— Дык вот так! Никак и значит «никак»! Мой капитан, тот самый, что толкает ваше кресло, сказал мне, чтобы я, значит, глаз не спускал с колокольни всю ночь. А когда загорится там, мол, огонек, чтобы я, значит, пришел да упредил вас, господин маршал. Еще он сказал, что если свечкой-то будут махать и рисовать крест, то тоже, чтоб я пришел и упредил… ну, а ежели ничего не будет, то, значит, ничего и не будет. Ну дык вот, огонек-то, значит, загорелся, но никуда он не двигается, точнехонько как мой большой палец, потому как сапоги-то у меня, значит, больно тесные… Уж простите, господин маршал, и вы, ваше величество… Ведь я уже докладывал об ентом капитану… разве не так, капитан?

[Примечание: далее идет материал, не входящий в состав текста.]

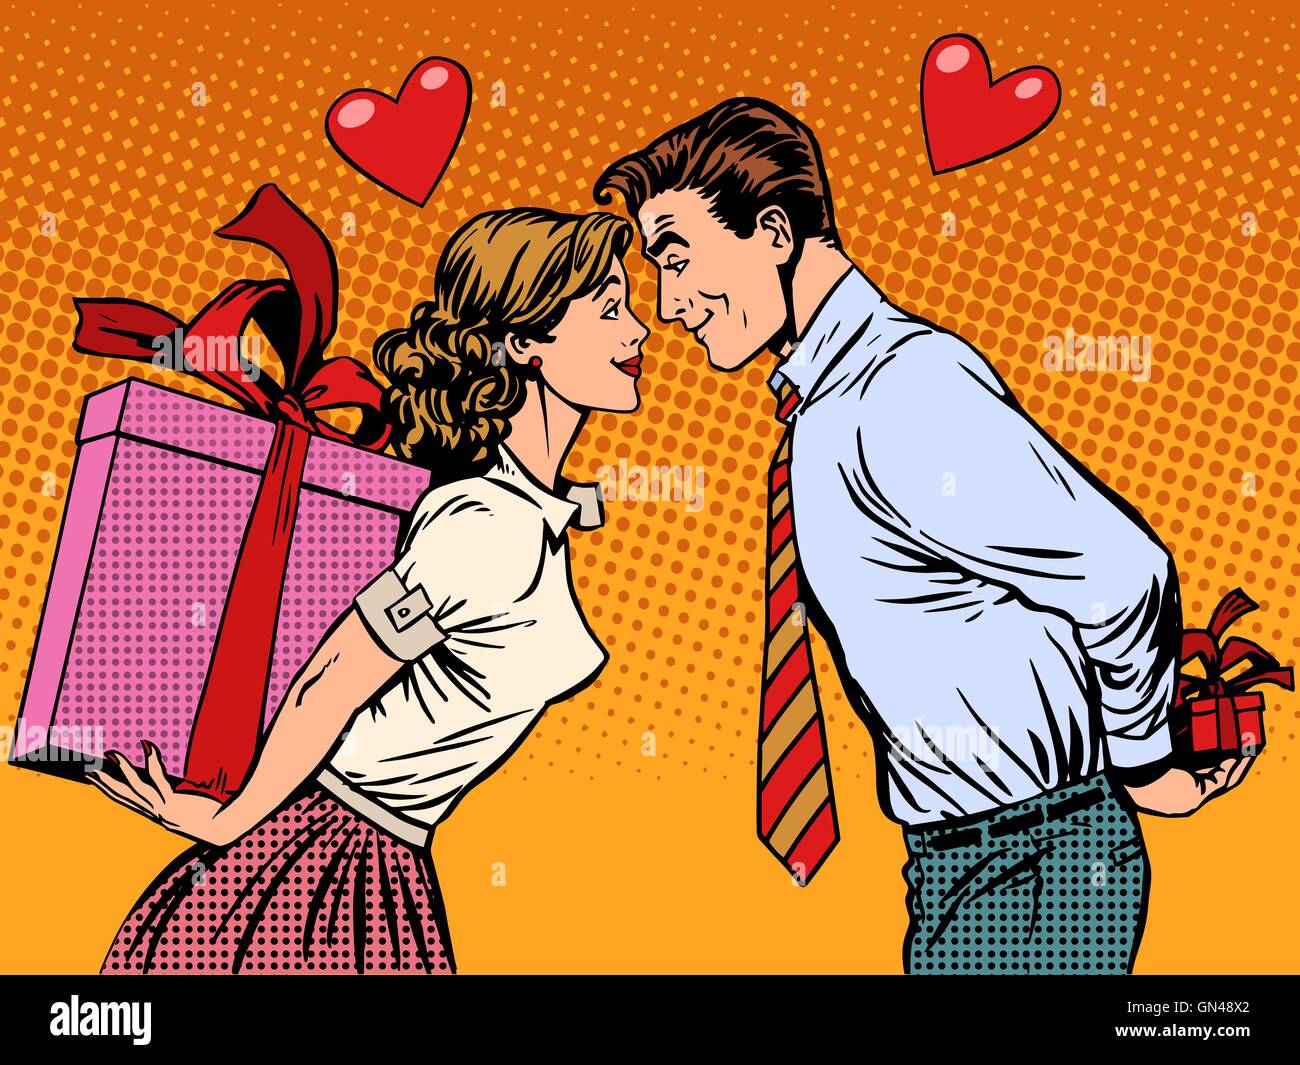 Valentine day gifts Stock Vector Images - Alamy
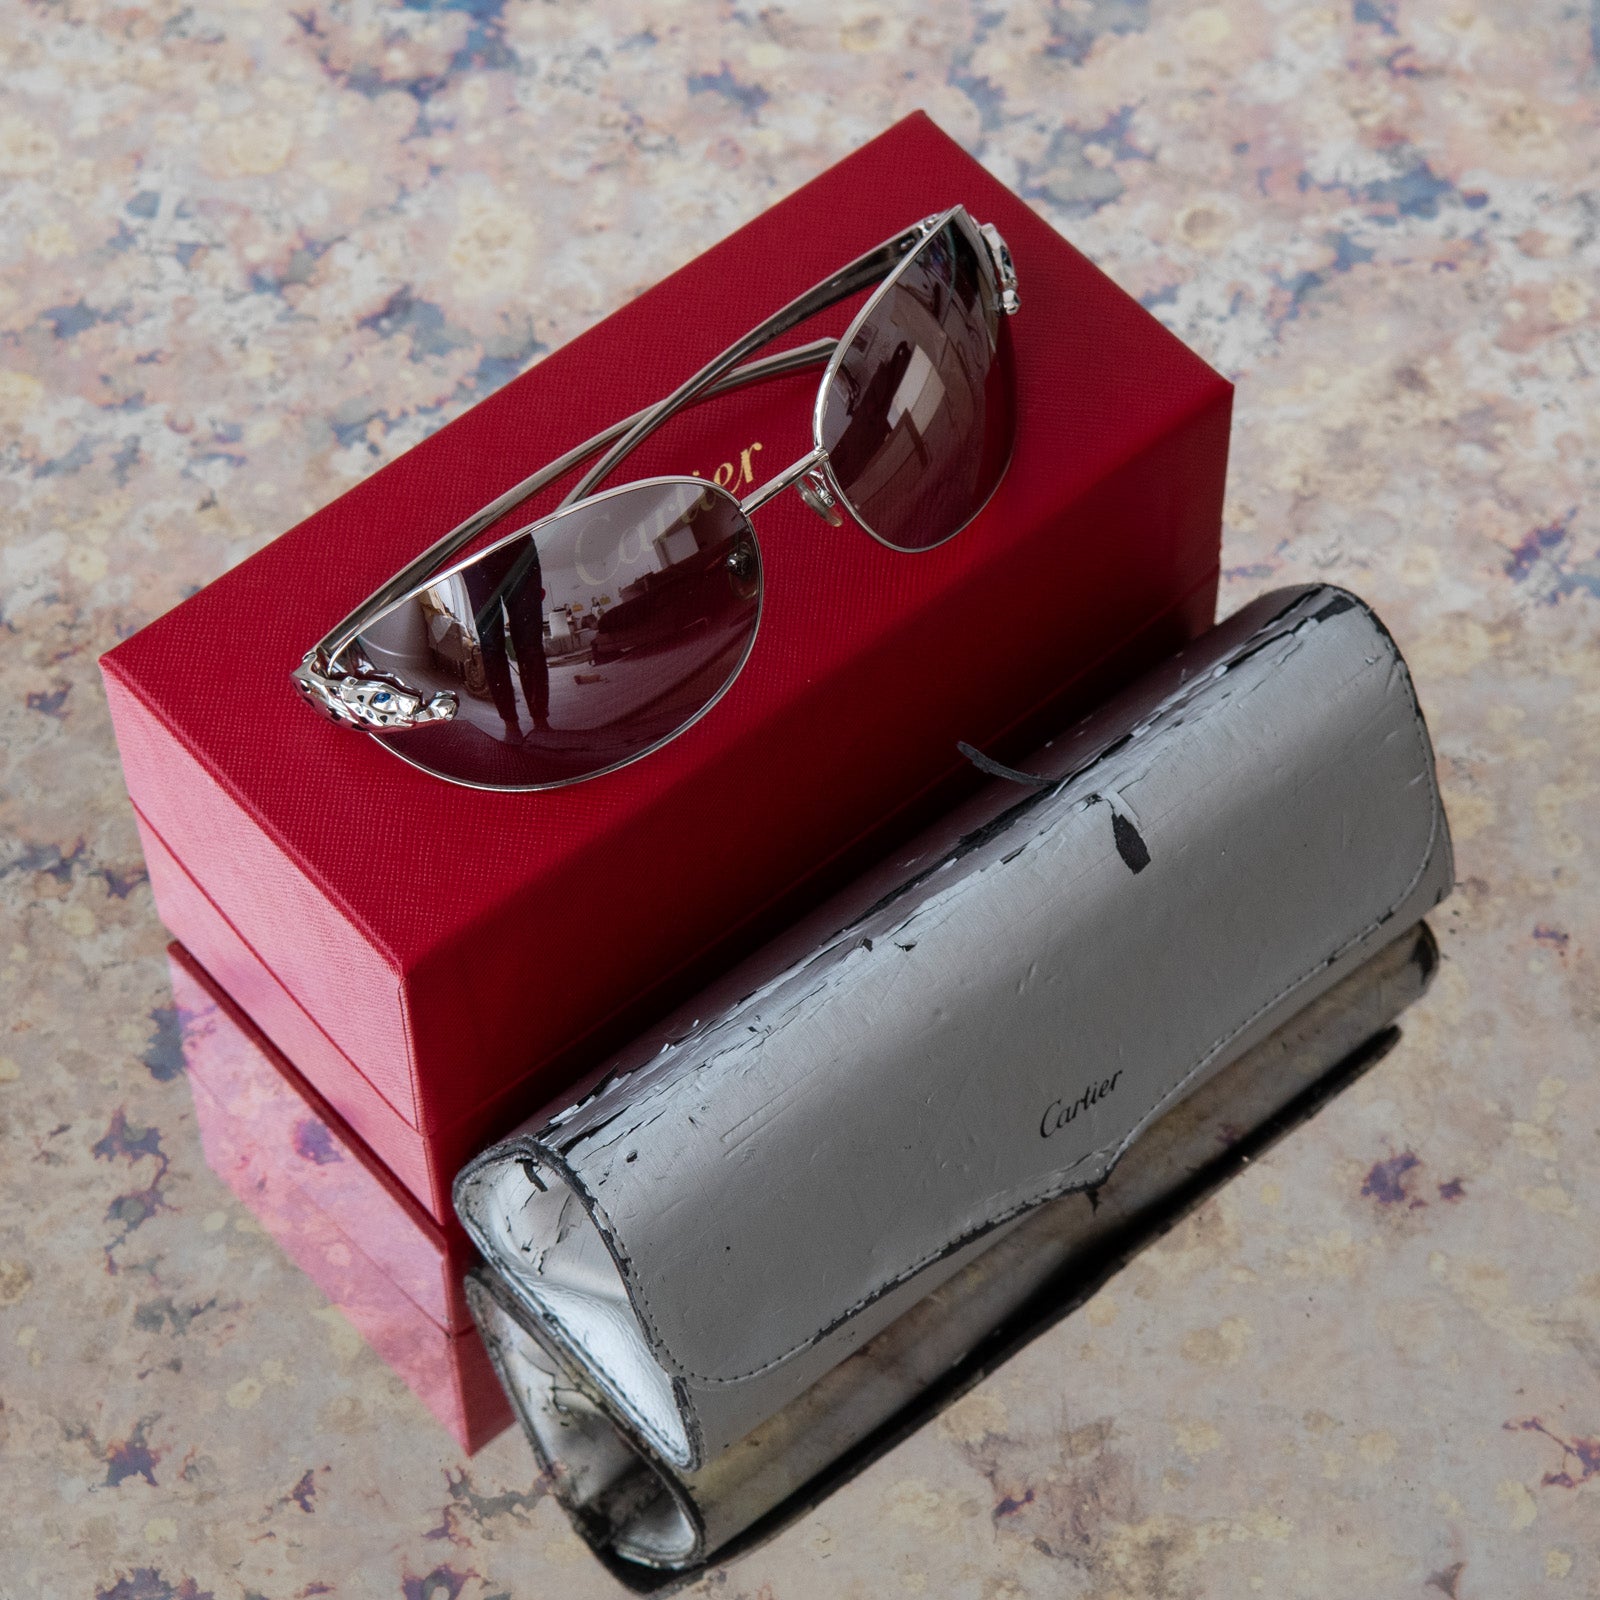 Cartier Vintage Limited Edition Panthere de Aviator Sunglasses - Image 3 of 8

Эрнодан де Гастаньяк, стоявший позади кресла маршала, отвел глаза и стал рассматривать звезды на небе. На лице короля было написано неподдельное изумление.
— Дай мне твою подзорную трубу, болтун! — проворчал Морис Саксонский. Через секунду он уже пытался отыскать в ночи колокольню.
— Немного правее, господин маршал! — любезно подсказал Лафортюн.
Морис Саксонский бессильно уронил руку, подзорная труба выпала из его ослабевших рук…
— Ах, сир, нет никакого сомнения! Этот человек прав! Огонек свечи неподвижен. Нас предали! Взгляните сами, ваше величество! — тяжко вздохнул маршал.
«О, мое сердечко! Мое сердечко! Что же ты наделала?» — с укоризной подумал о Батистине король. Он машинально взял из рук Эрнодана подзорную трубу, направил ее на колокольню, настроил… и так и подскочил на месте:
— Но… маршал! Что за чушь вы несете? Огонь движется!
— Что-о-о? — заорал Морис Саксонский и буквально вырвал подзорную трубу из рук монарха.
— Сир, вы правы! Крест! Боже мой, крест! — ревел маршал.
— Тысяча чертей! Господа, еще одну трубу! Немедленно! — вопил король.
— Клянусь всеми потрохами дьявола, до чего же у вашего величества острое зрение!
— Кой черт! И в самом деле сигнал! Какое счастье!
— Крест! Крест! Черт возьми, крест! Наконец-то!
— Раз!
— Два!
— Три! Слава Богу! Слава Богу!
— И, да здравствует король! — радостно закричали офицеры, члены генерального штаба, бывшие в курсе всех событий.
Никогда еще никто не поминал столько раз черта при виде крестного знамения! Лафортюн, изрядно уставший от всеобщей суматохи, воспользовался случаем и раздавил особенно зловредную блоху.
Эрнодан был встревожен. Он не понял, что произошло с Батистиной. Из обрывков фраз, долетавших до него, юноша сделал вывод, что девушку похитили. Он тяжко вздохнул. Он был весьма далек от мыслей о предстоящем сражении.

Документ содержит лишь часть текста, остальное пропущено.